• Aug 12,2025

Companies Act Section 275

Companies Act, Section 275: Company Liquidators and Their Appointments

Section 275 of the Companies Act, 2013 lays down the legal framework governing the appointment of Company Liquidators for the winding up of companies by the Tribunal (NCLT). The provision ensures that winding up proceedings are conducted by qualified professionals with independence and integrity. It also details who may be appointed as a liquidator, the qualifications required, the scope of their powers, and the procedure for disclosure of conflicts of interest.

Sub-section (1): Appointment of Company Liquidator at the Time of Winding Up Order

When the Tribunal passes an order for the winding up of a company under Section 273, it is mandatory for the Tribunal to appoint a Company Liquidator to carry out the winding up proceedings.

The appointment may be made from either:
The Official Liquidator, who is a government-appointed officer, or A liquidator selected from a panel maintained for this purpose.
This ensures that the Tribunal has flexibility to select a suitable liquidator based on the specific needs of the case, the size and complexity of the company, and the expertise required.

Sub-section (2): Eligibility Criteria for Appointment as Liquidator

As per the amended provisions of the law, the Company Liquidator or the Provisional Liquidator must be selected exclusively from among the insolvency professionals (IPs) registered under the Insolvency and Bankruptcy Code, 2016 (IBC, 2016).

This professionalization of the liquidator’s role ensures:
High standards of competence and ethical conduct, Independent administration of the winding up process, and Alignment with modern insolvency and restructuring frameworks.
The reference to IBC also reflects the legislature’s intention to streamline corporate insolvency processes under a unified regulatory regime.

Sub-section (3): Powers of the Provisional Liquidator

When the Tribunal appoints a Provisional Liquidator (usually in advance of a final winding up order to preserve the assets and records of the company):

The Tribunal has the authority to limit or restrict the powers of the provisional liquidator either at the time of appointment or through a subsequent order.
In the absence of such restrictions, the provisional liquidator shall be vested with the same powers as the Company Liquidator.
This provision offers the Tribunal flexibility to tailor the powers granted, depending on the urgency and complexity of the case, and ensures protection of company assets pending a final decision.

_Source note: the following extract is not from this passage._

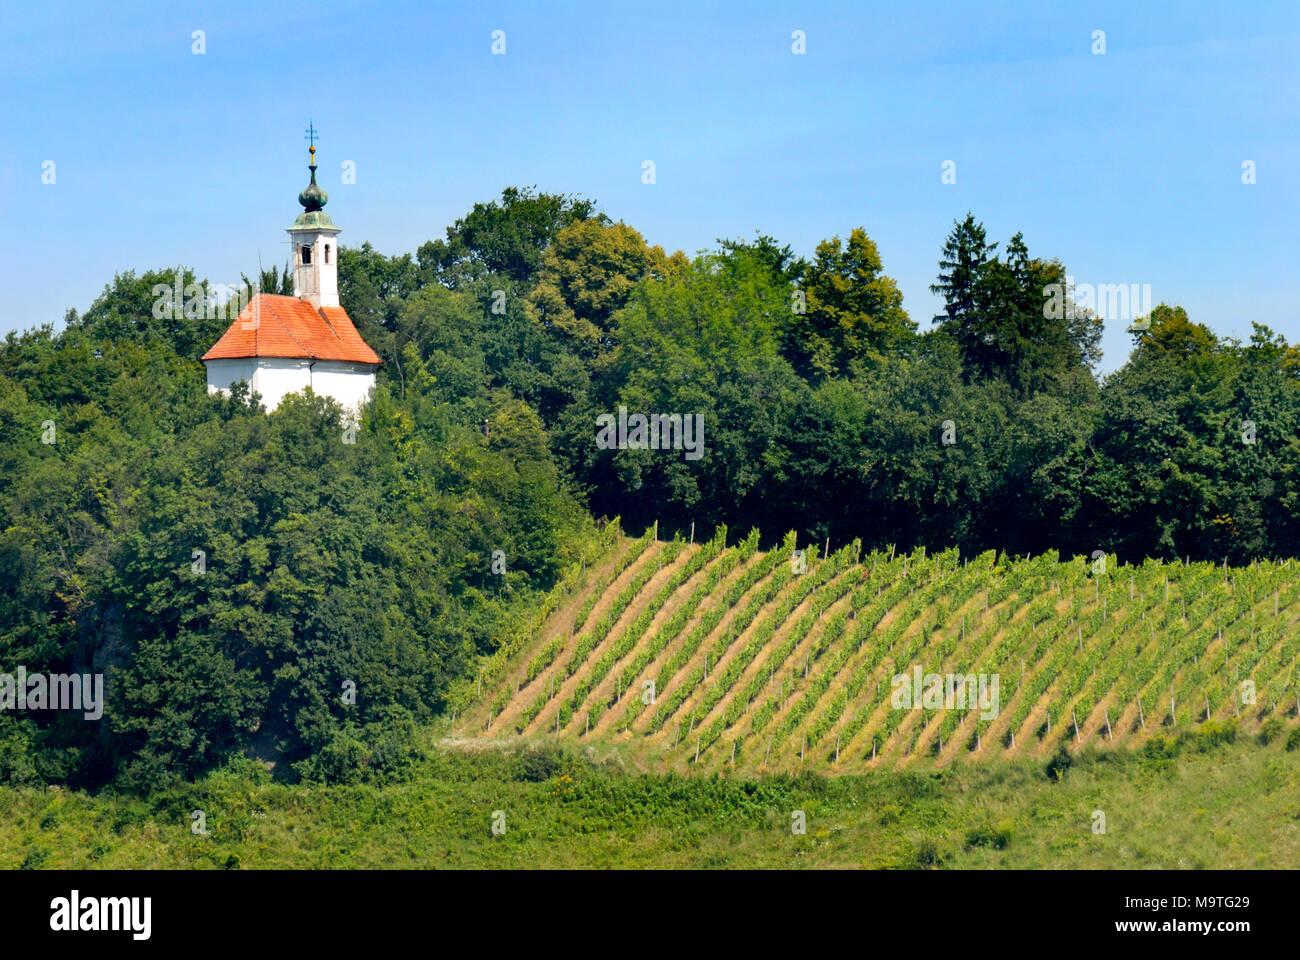 Maribor, Stajerska, Slovenia. Kalvaria, Church of St Barbara (Za Kalvarijo: 1681) and vineyard seen from top of Cathedral tower - Stock Image
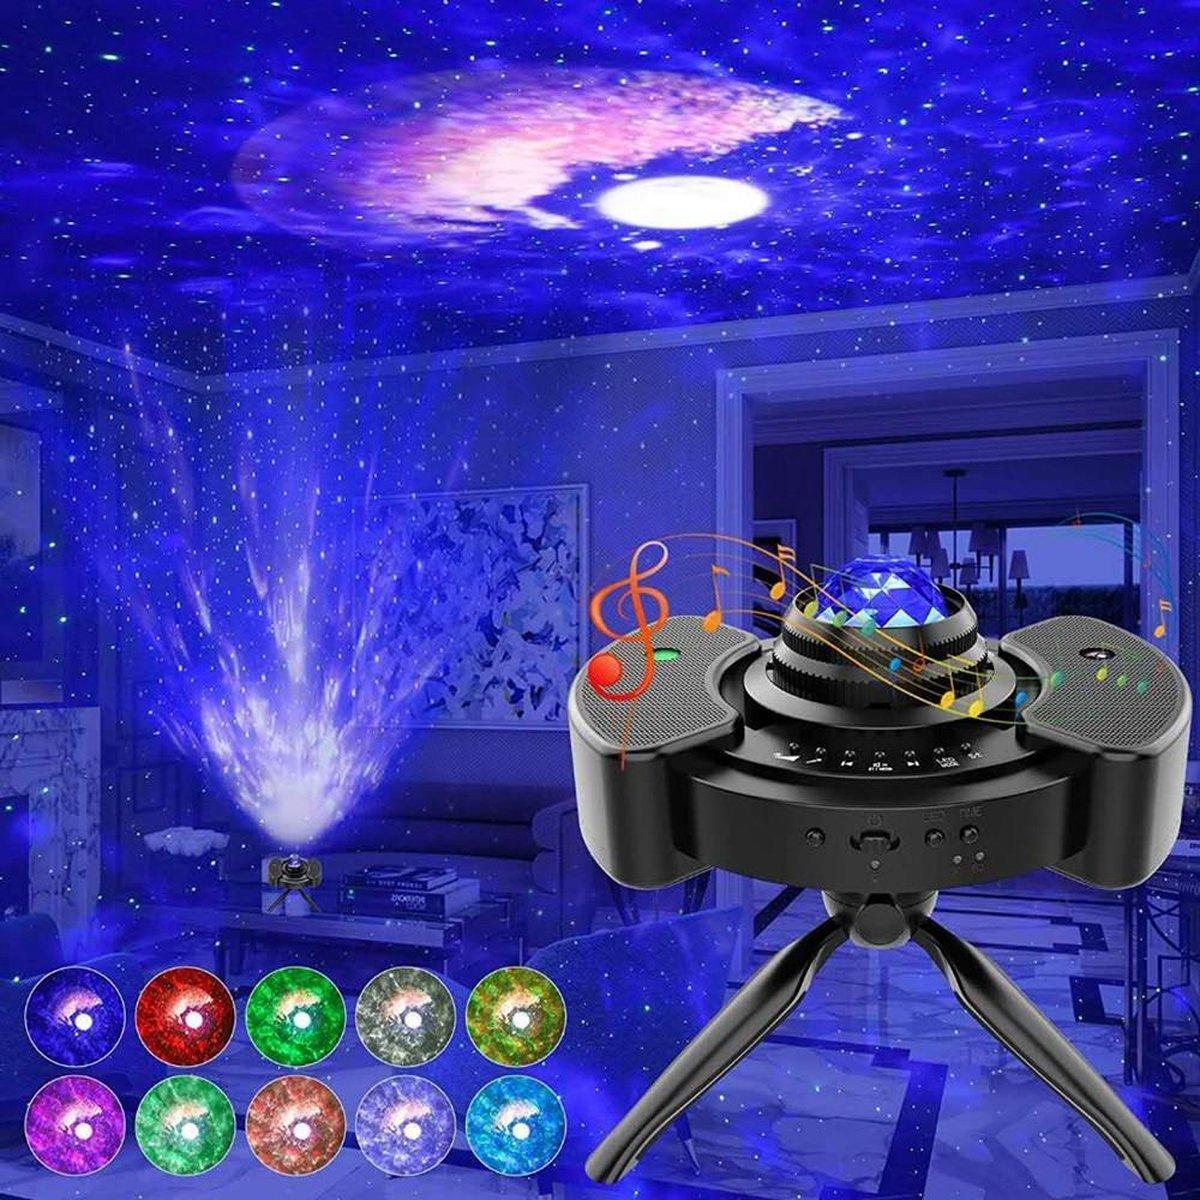 B-care Sterren Projector 2.0 - Vernieuwd 2021 Model - 360° Roterende Lamp - Bluetooth - Sterrenhemel - Sterrenlamp - Galaxy Projector - Stars - Smart Laser - Mediteren - Afterparty - Spacelamp

Sub-section (5): Terms, Conditions, and Remuneration of the Liquidator

The terms and conditions governing the liquidator’s appointment, including the fees payable, are to be determined by the Tribunal based on several objective factors, such as:

The scope and nature of the tasks to be performed during the winding up, The professional qualifications and experience of the liquidator, The size and complexity of the company involved.
This ensures fair compensation while maintaining cost efficiency and accountability in the winding up process.

Sub-section (6): Declaration of Independence and Disclosure of Conflicts of Interest

To uphold the principles of transparency and impartiality, every liquidator whether provisional or appointed for the full winding up must file a declaration of independence.

This declaration must be submitted within seven (7) days of the appointment in the prescribed form.
It should disclose:
Any conflict of interest that may affect the liquidator’s ability to act independently, Any circumstances that might give rise to bias or influence in the conduct of the liquidation.
This obligation continues throughout the term of the liquidator's appointment, ensuring sustained integrity and confidence in the winding up process.

Sub-section (7): Continuation of Provisional Liquidator as Company Liquidator

In cases where a Provisional Liquidator has already been appointed prior to the final winding up order under Section 273(1)(c), the Tribunal may, at its discretion:

Appoint the same Provisional Liquidator as the Company Liquidator to continue managing the winding up proceedings.
This avoids disruption, ensures continuity, and leverages the liquidator’s prior knowledge of the company’s affairs to expedite the winding up efficiently.